Artificial intelligence is everywhere. Excitement, fear, and speculation about its future dominate headlines, and many of us already use AI for personal and work tasks.

Of course, it’s generative artificial intelligence that people are talking about when they refer to the latest AI tools. Innovations in generative AI make it possible for a machine to quickly create an essay, a song, or an original piece of art based on a simple human query.

So, what is generative AI? How does it work? And most importantly, how can it help you in your personal and professional endeavors?

This guide takes a deep dive into the world of generative AI. We cover different generative AI models, common and useful AI tools, use cases, and the advantages and limitations of current AI tools. Finally, we consider the future of generative AI, where the technology is headed, and the importance of responsible AI innovation.

Table of contents

• What is generative AI?
• How generative AI works
• Generative AI models
• Generative AI tools
• Generative AI use cases
• Advantages and benefits
• Disadvantages and limitations
• Future of generative AI
• Conclusion

What is generative AI?

Generative AI refers to a branch of machine learning (ML) in which models are trained on large amounts of raw data to create original outputs, such as text, images, or other content. Unlike traditional machine learning, which makes predictions based on historical data, generative AI can produce entirely new outputs. Generative AI models typically require complex neural networks and massive datasets for training.

Many generative AI systems, such as ChatGPT, are built on foundational models, which are large-scale models trained on diverse data. Foundational models can be easily fine-tuned to handle a wide variety of tasks, making them a great base on which to build generative AI applications for a wide range of tasks, like content creation and problem solving.

For example, a generative AI model could write a formal email for business communications. By learning from millions of examples, the model would understand concepts like “email structure,” “formal writing,” and “business terminology” without being directly programmed. The model would then generate an original email by predicting the most likely sequence of words that fit the requested style, format, and purpose.

How generative AI works

To best understand how generative AI works, let’s break down its operations into simple steps.

1 A user enters a prompt

Generative AI responds to prompts entered by humans. For example, someone might enter a prompt such as “Write a professional letter of acceptance for an offer of employment as a project manager.” The more specific and well-written the prompt, the more likely the model is to produce a satisfactory output. You might hear the term prompt engineering, which refers to the process of tweaking a prompt’s phrasing or including additional instructions to get higher-quality, more accurate results from a generative AI tool.

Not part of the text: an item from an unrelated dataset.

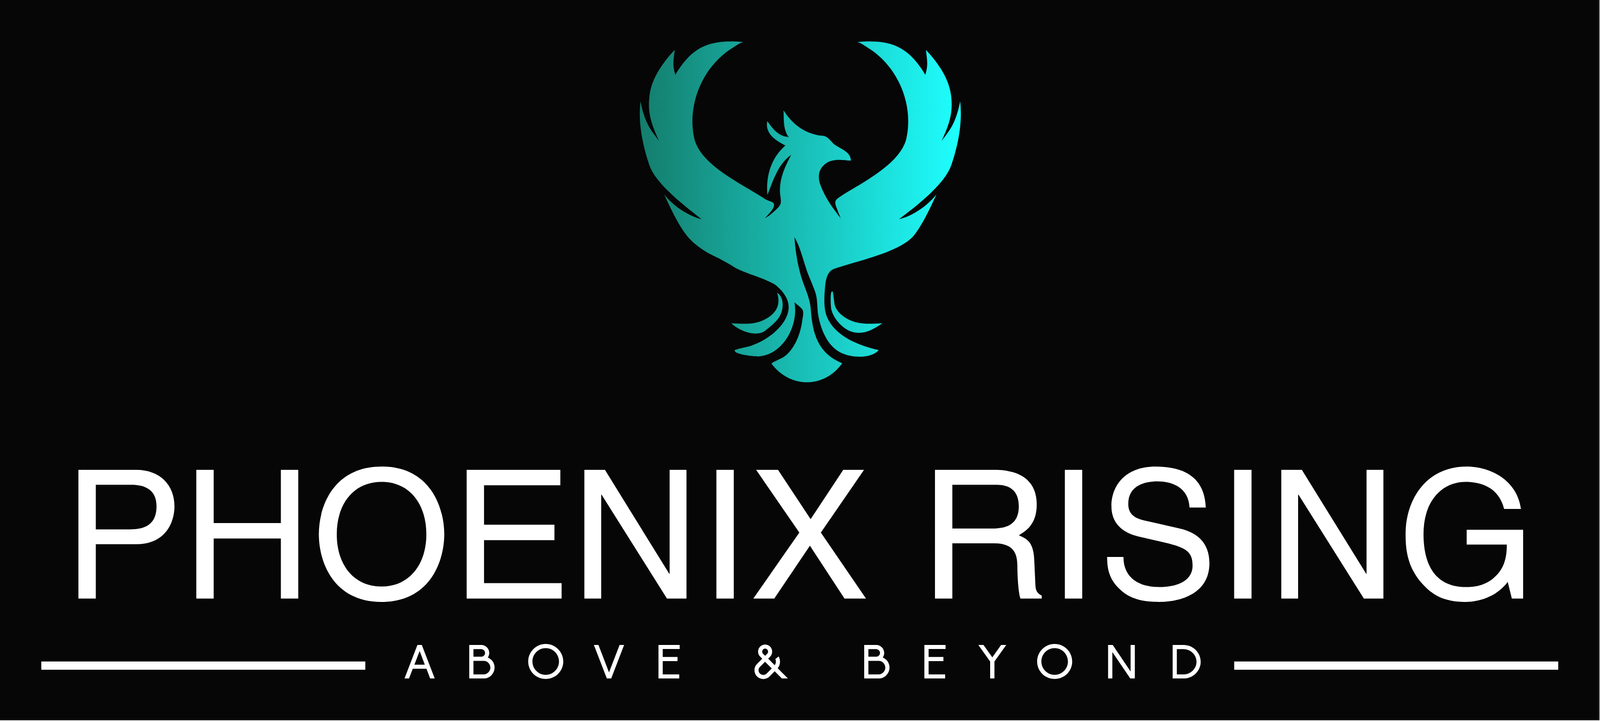 Phoenix Rising: Above & Beyond

Prompts aren’t always provided as text. Depending on the type of generative AI system (more on those later in this guide), a prompt may be provided as an image, a video, or some other type of media.

2 The generative AI tool analyzes the prompt

Next, generative AI analyzes the prompt, turning it from a human-readable format into a machine-readable one. Sticking with text for the purposes of this example, the model would use natural language processing (NLP) to encode the instructions in the prompt.

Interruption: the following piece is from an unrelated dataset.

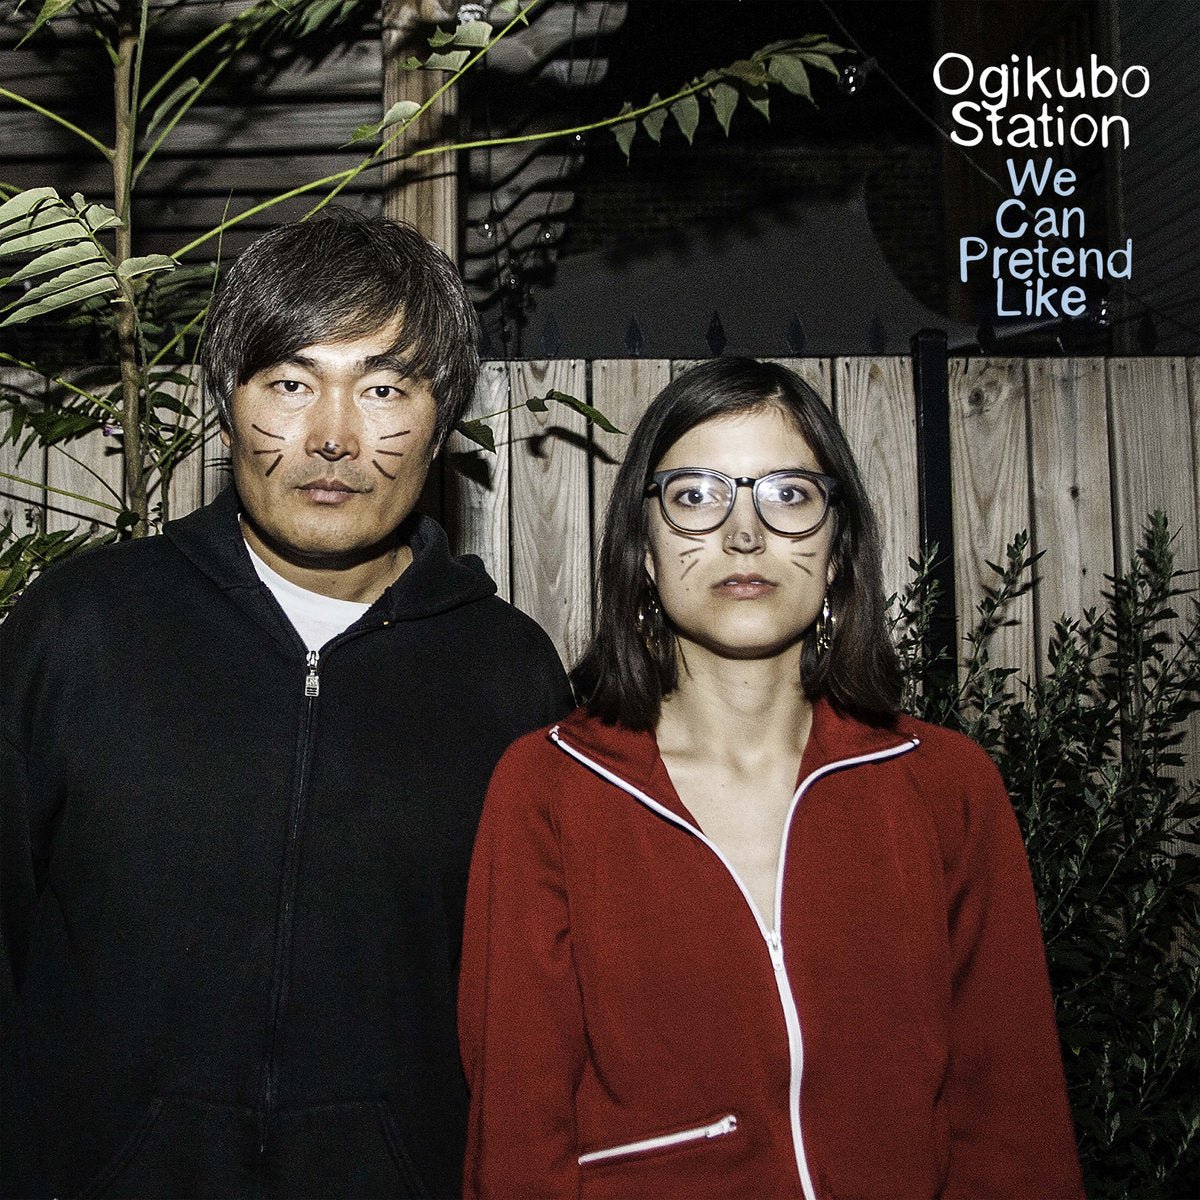 Ogikubo Station - We Can Pretend Like LP - Vinyl - Asian Man

This starts with splitting longer chunks of text into smaller units called tokens, which represent words or parts of words. The model analyzes those tokens in the context of grammar, sentence structure, and many other kinds of complex patterns and associations that it’s learned from its training data. This might even include prompts you’ve given the model before, since many generative AI tools can retain context over a longer conversation.

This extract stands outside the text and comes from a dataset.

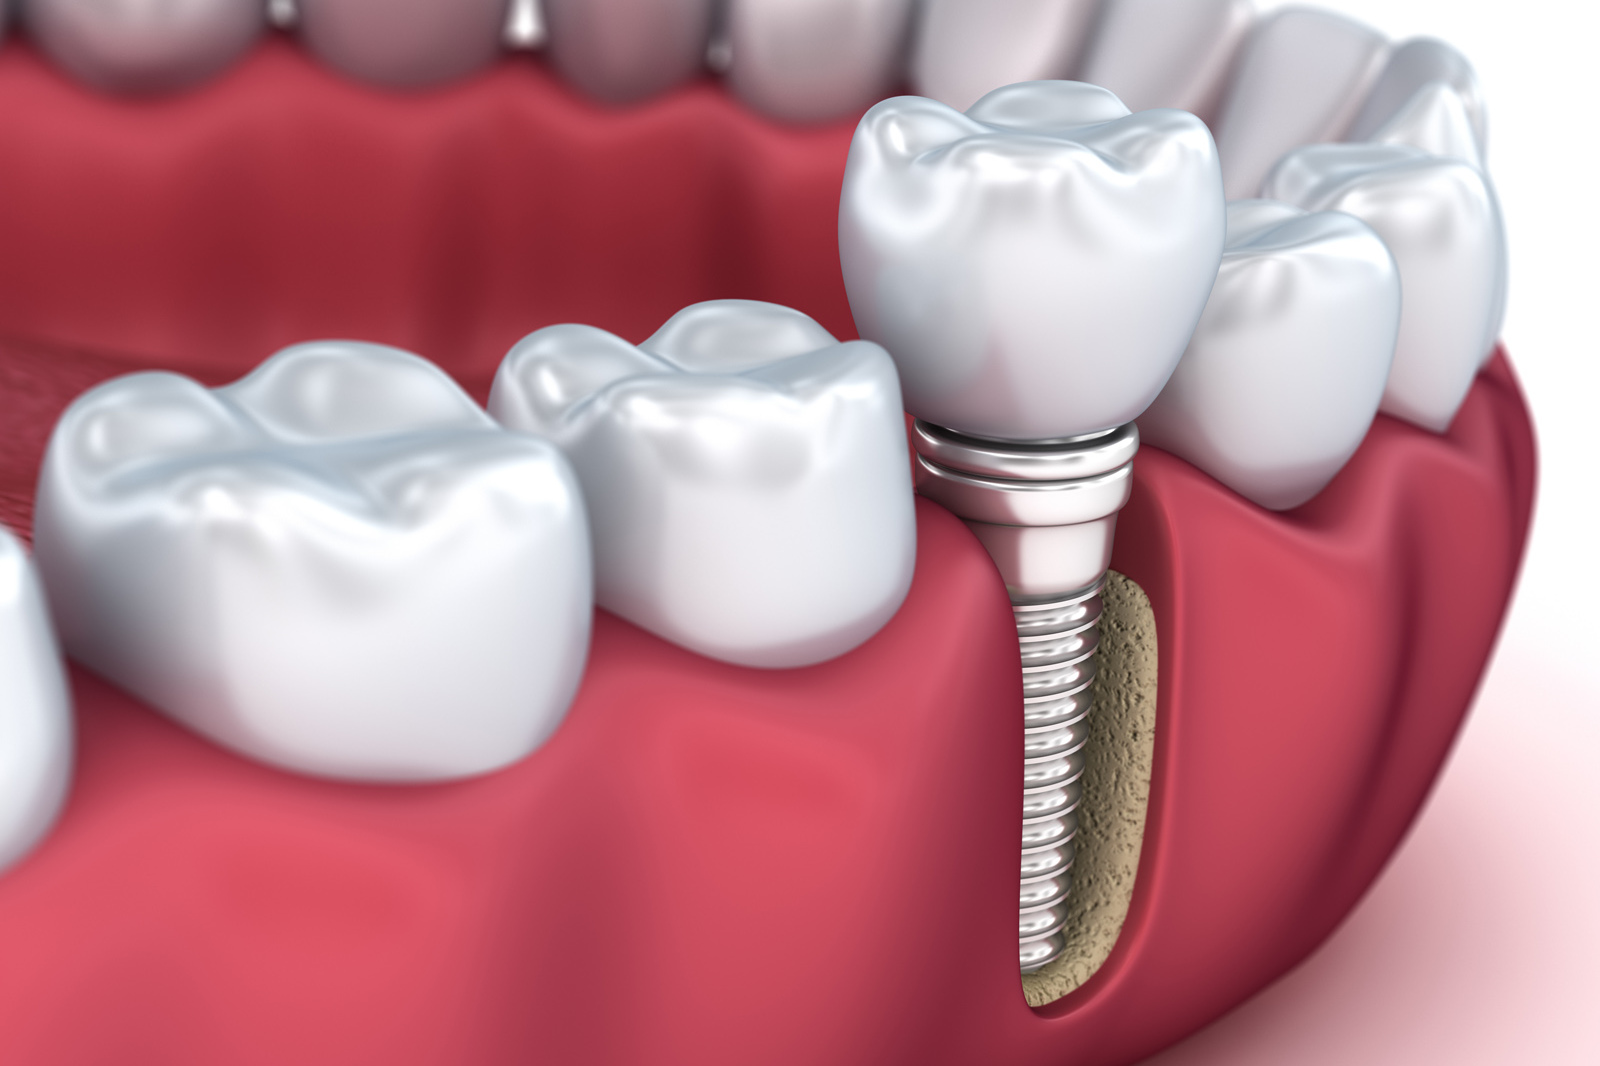 Dental Implants - Procedure, Advantages and Cost

3 The tool generates a predictive output

Using everything that the model has encoded about the prompt, it tries to generate the most reasonable, statistically likely response. In essence, the model asks itself, “Based on everything I know about the world so far and given this new input, what comes next?”

For example, imagine you’re reading a story, and when you get to the end of the page, it says, “My mother answered the,” with the next word being on the following page. When you turn the page, what do you think the next word is going to be? Based on what you know about the world in general, you might have a few guesses. It could be phone, but it could also be text, call, door, or question. Knowing about what came before this in the story might help you make a more informed guess, too.

In essence, this is what a generative AI tool like ChatGPT is doing with your prompt, which is why more specific, detailed prompts help it make better outputs. It has the start of a scenario, like “Write a funny poem about a dog.” Then it tries to complete the story word by word, using its complex model of the world and the relationships in it. Crucially, generative AI tools also go through what’s called reinforcement learning with human feedback to learn to prefer responses that humans will approve of.

If you’ve played around with generative AI tools, you’ll notice that you get a different output every time—even if you ask the same question twice, the tool will respond in a slightly different way. At a very high level, the reason for this is that some amount of randomness is key to making the responses from generative AI realistic. If a tool always picks the most likely prediction at every turn, it will often end up with an output that doesn’t make sense.

Generative AI models

Generative AI models are advanced machine learning systems designed to create new data that mimics patterns found in existing datasets. These models learn from vast amounts of data to generate text, images, music, or even videos that appear original but are based on patterns they’ve seen before.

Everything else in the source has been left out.